Source: AI in Depth: serving a Keras text classifier with preprocessing using Cloud ML Engine from Google Cloud
Cloud ML Engine now supports deploying your trained model with custom online prediction Python code, now in beta. In this blog post, we show how custom online prediction code helps maintaining affinity between your preprocessing logic and your model, which is crucial to avoid training-serving skew. We show an example of building a Keras text classifier, and deploying it for online serving in Cloud ML Engine, along with its text preprocessing components.
The hard work of building a machine learning (ML) model pays off only when you deploy the model and use it in production—when you integrate it into your pre-existing systems or incorporate your model into a novel application. If your model has multiple possible consumers, you might want to deploy the model as an independent, coherent microservice that is invoked via a REST API that can automatically scale to meet demand. Although Cloud ML Engine may be better known for its training abilities, it can also serve TensorFlow, Keras, scikit-learn, and XGBoost models with REST endpoints for online prediction.
While training that model, it’s common to transform the input data into a format that improves model performance. But when performing predictions, the model expects the input data to already exist in that transformed form. For example, the model might expect a normalized numerical feature, for example TF-IDF encoding of terms in text, or a constructed feature based on a complex, custom transformation. However, the callers of your model will send “raw”, untransformed data, and the caller doesn’t (or shouldn’t) need to know which transformations are required. This means the model microservice will be responsible for applying the required transformation on the data before invoking the model for prediction.

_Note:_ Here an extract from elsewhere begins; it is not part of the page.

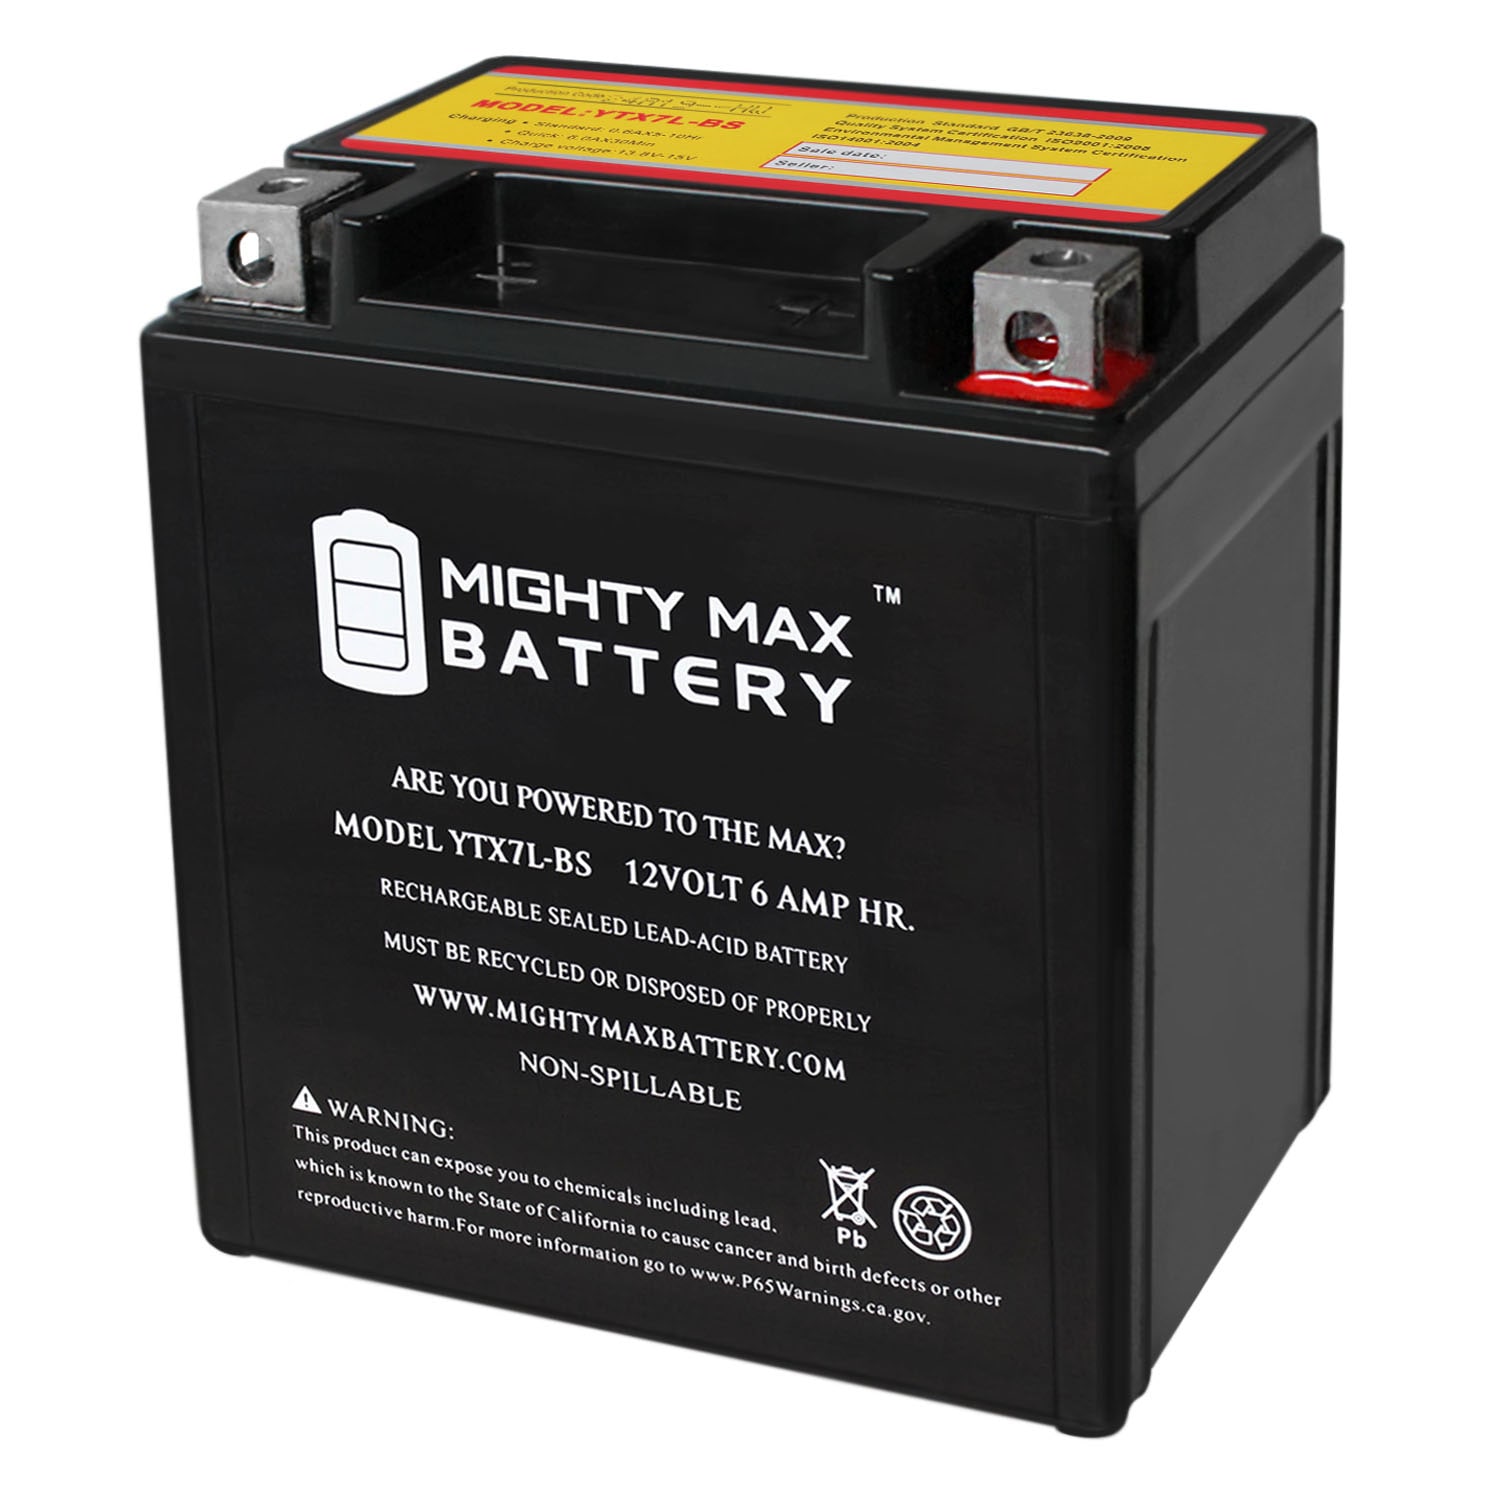 FQS YB7L-B2 - Batería Moto 12v 7Ah 85A CCA + D - FQS Battery

The affinity between the preprocessing routines and the model (i.e., having both of them coupled in the same service) is crucial to avoid training-serving skew, since you’ll want to ensure that these routines are applied on any data sent to the model, with no assumptions about how the callers prepare the data. Moreover, the model-preprocessing affinity helps to decouple the model from the caller. That is, if a new model version requires new transformations, these preprocessing routines can change independently of the caller, as the caller will keep on sending data in its raw format.

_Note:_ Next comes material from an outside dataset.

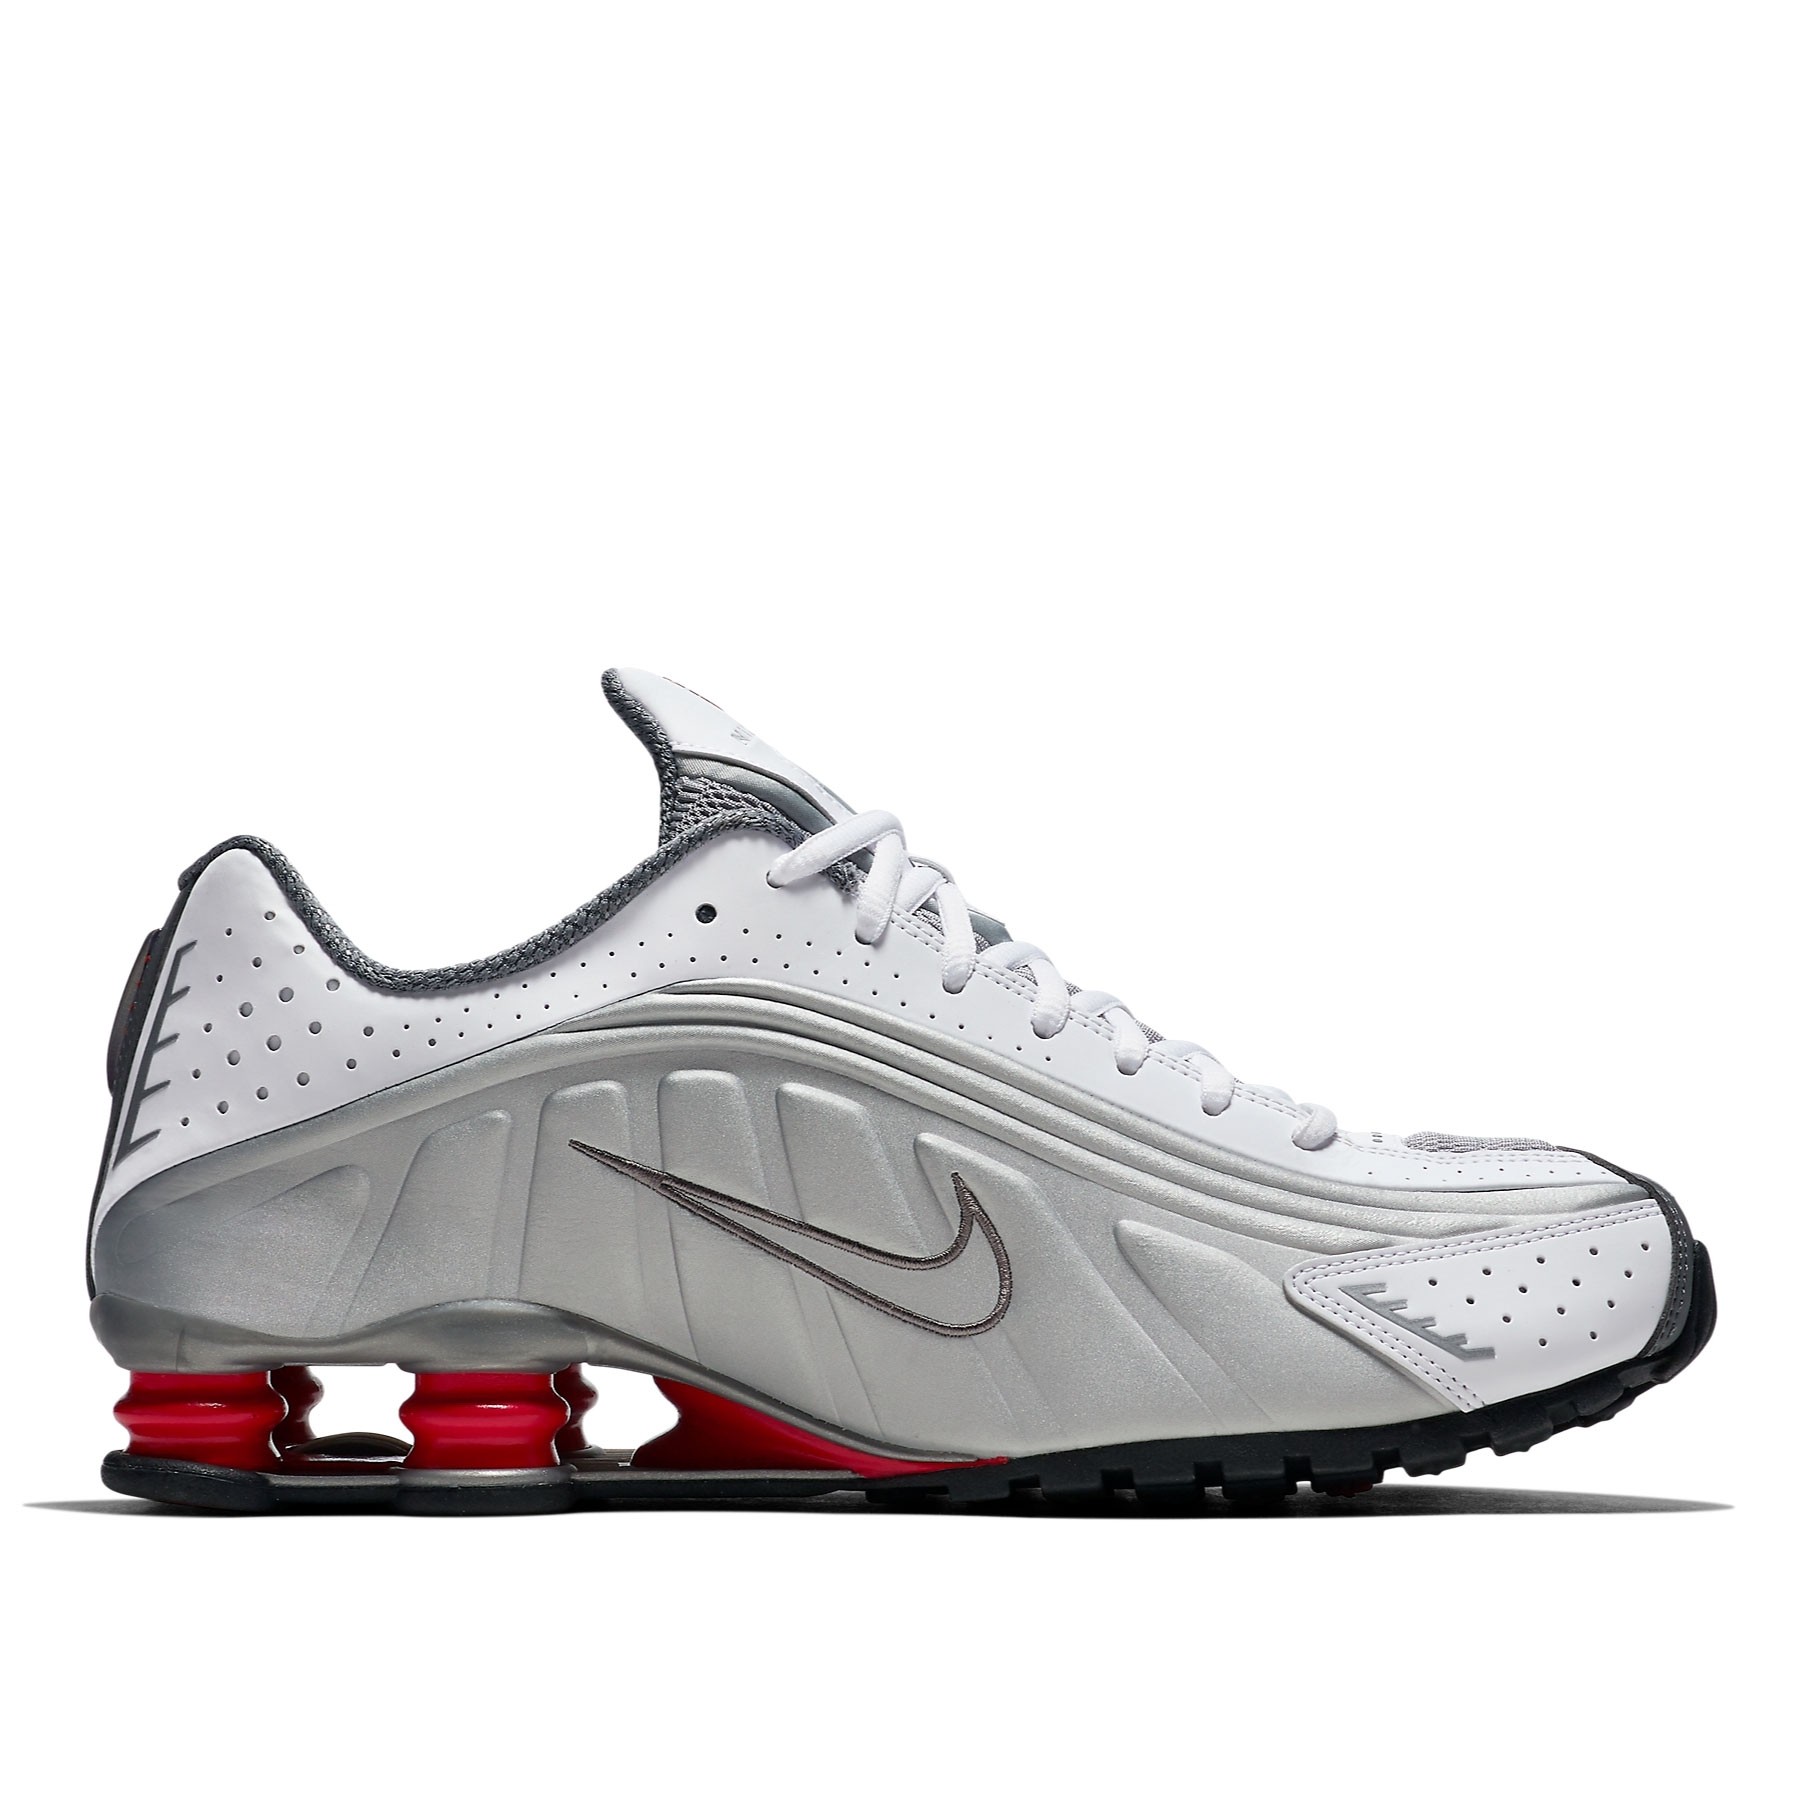 Very Goods | Nike Shox R4 (White)

Beside preprocessing, your deployed model’s microservice might also perform other operations, including postprocessing of the prediction produced by the model, or even more complex prediction routines that combine the predictions of multiple models.
To help maintain affinity of preprocessing between training and serving, Cloud ML Engine now enables users to customize the prediction routine that gets called when sending prediction requests to a model deployed on Cloud ML Engine. This feature allows you to upload a custom model prediction class, along with your exported model, to apply custom logic before or after invoking the model for prediction.
Customizing prediction routines can be useful for the following scenarios:
The above tasks can be accomplished by custom online prediction, using the standard framework supported by Cloud ML Engine, as well as with any model developed by your favorite Python-based framework, including PyTorch. All you need to do is to include the dependency libraries in the setup.py of your custom model package (as discussed below). Note that without this feature, you would need to implement the preprocessing, post-processing, or any custom prediction logic in a “wrapper” service, using, for example, App Engine. This App Engine service would also be responsible for calling the Cloud ML engine models, but this approach adds complexity to the prediction system, as well as latency prediction time.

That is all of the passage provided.